Aim of the exercise: Skip any image you find and restate the rest of the data word for word.
Source material START
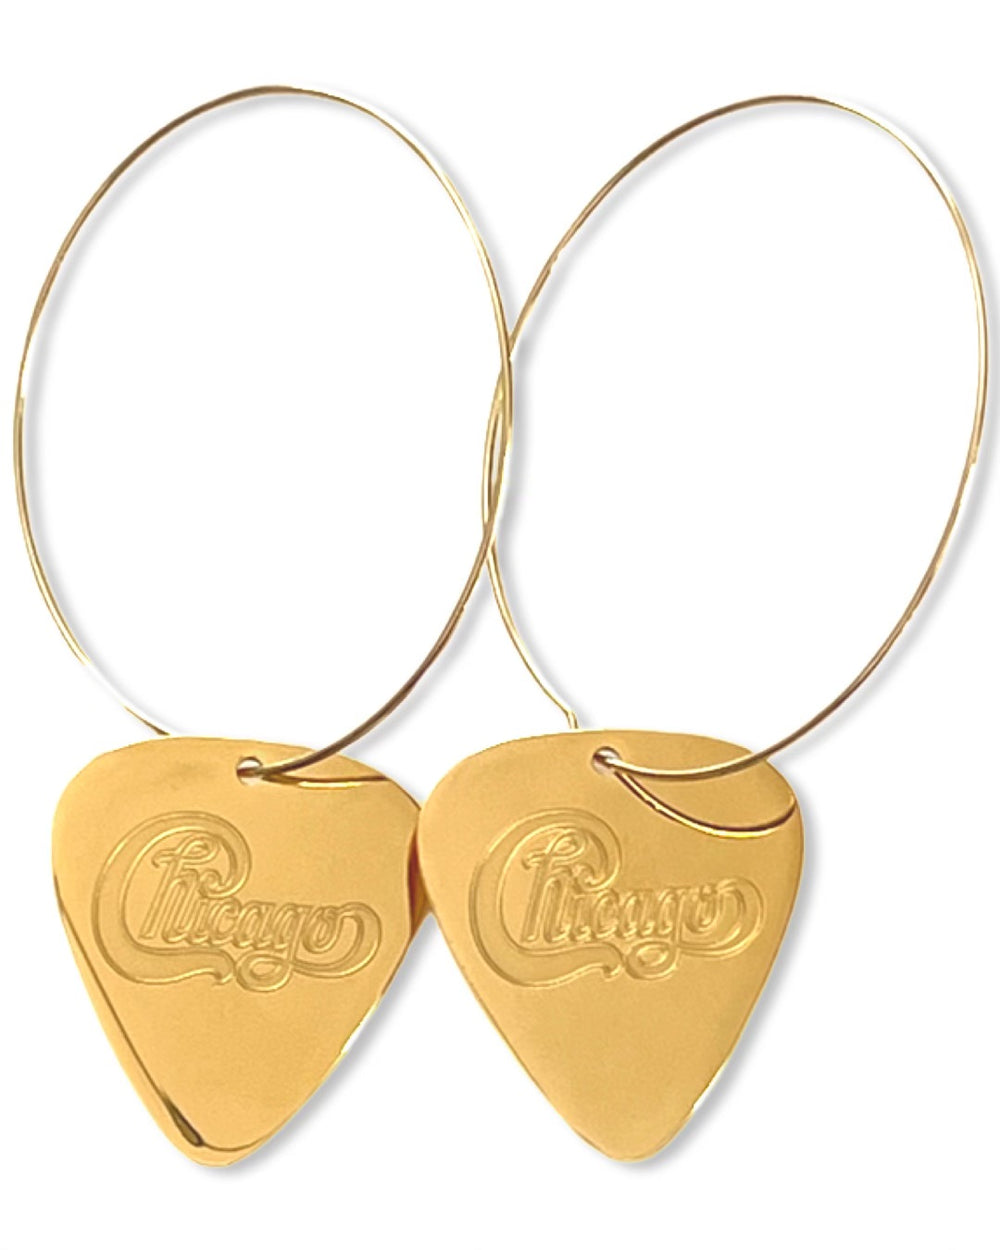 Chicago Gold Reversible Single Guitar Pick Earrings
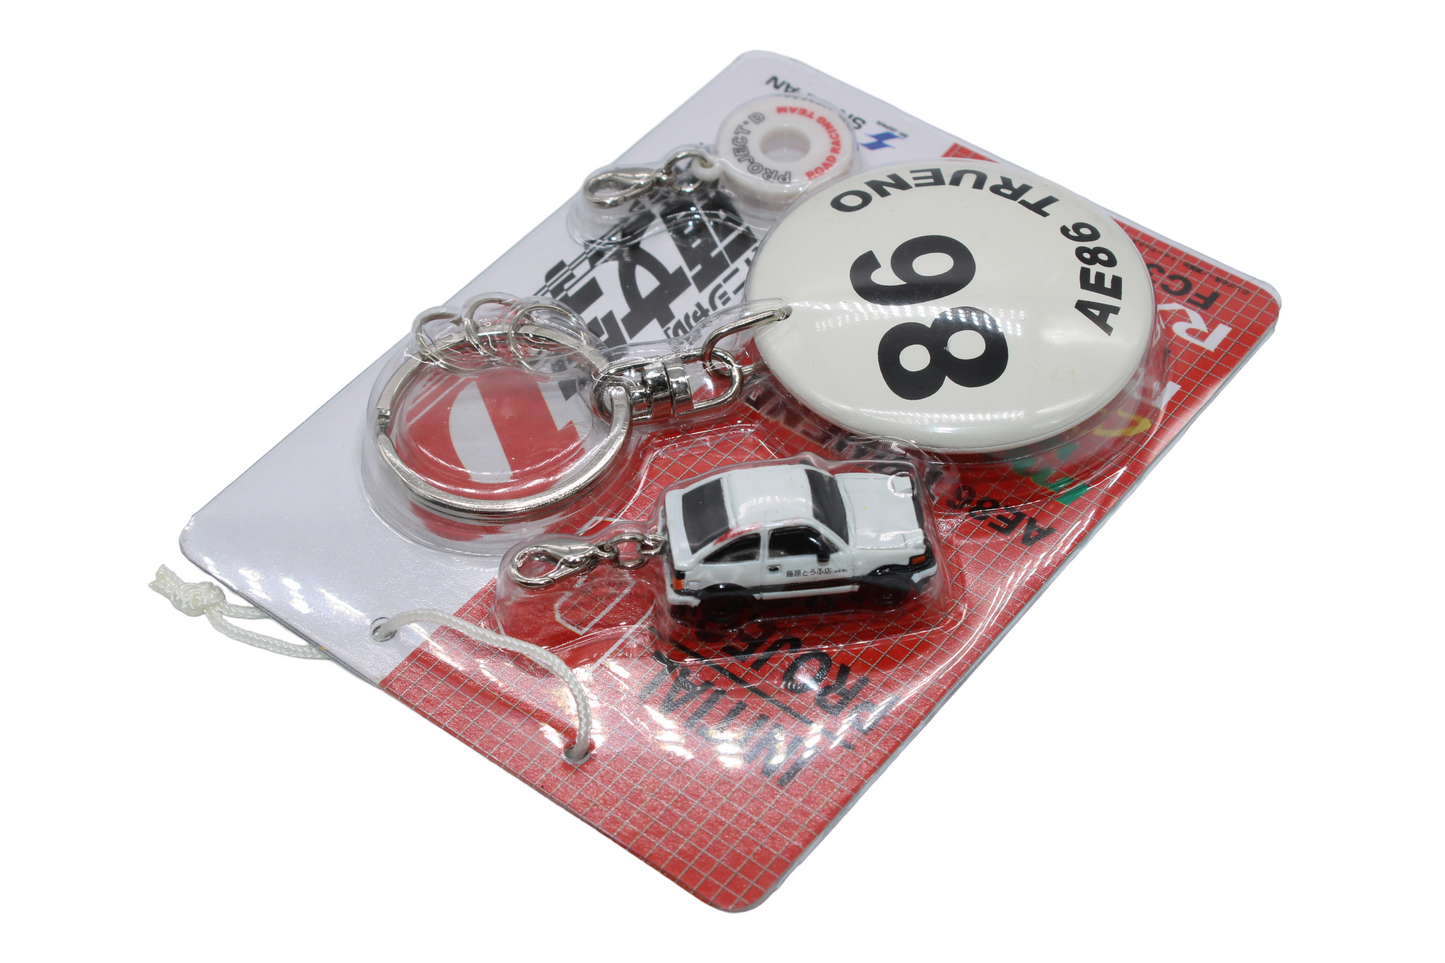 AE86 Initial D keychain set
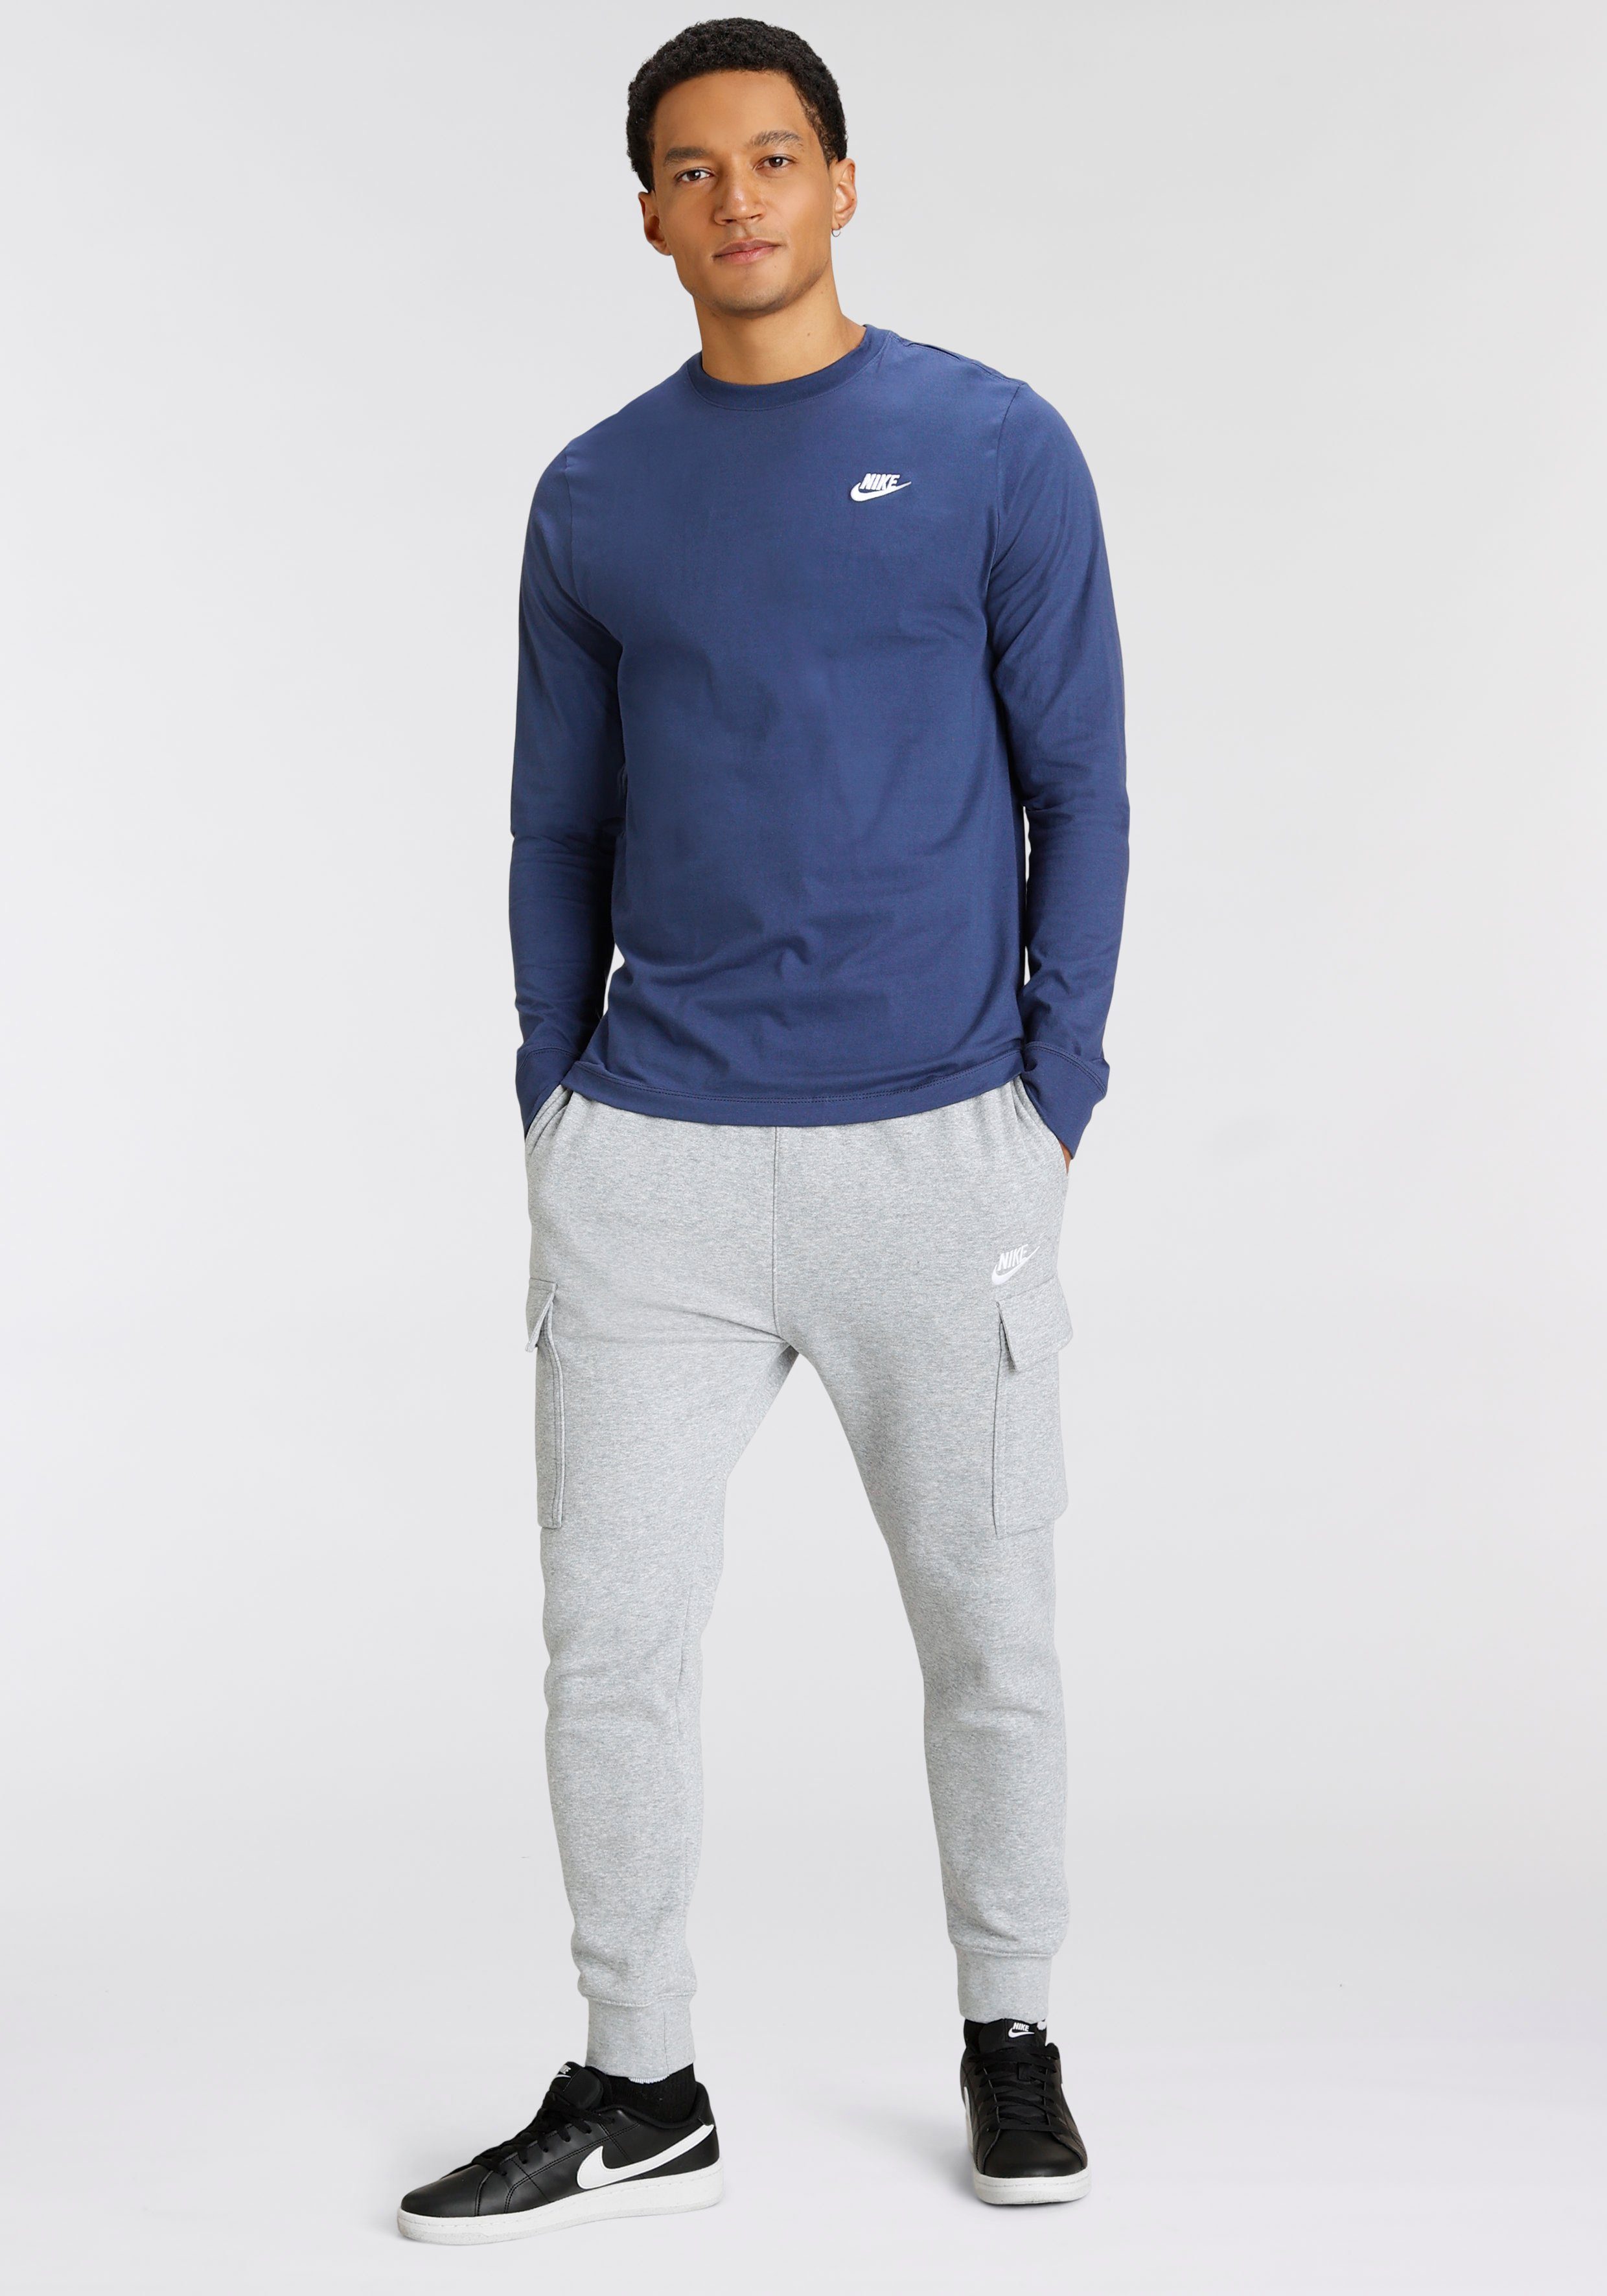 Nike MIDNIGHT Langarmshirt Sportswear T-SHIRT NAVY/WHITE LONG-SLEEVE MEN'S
Source material END
Answer box:
 Chicago Gold Reversible Single Guitar Pick Earrings
 AE86 Initial D keychain set
 Nike MIDNIGHT Langarmshirt Sportswear T-SHIRT NAVY/WHITE LONG-SLEEVE MEN'S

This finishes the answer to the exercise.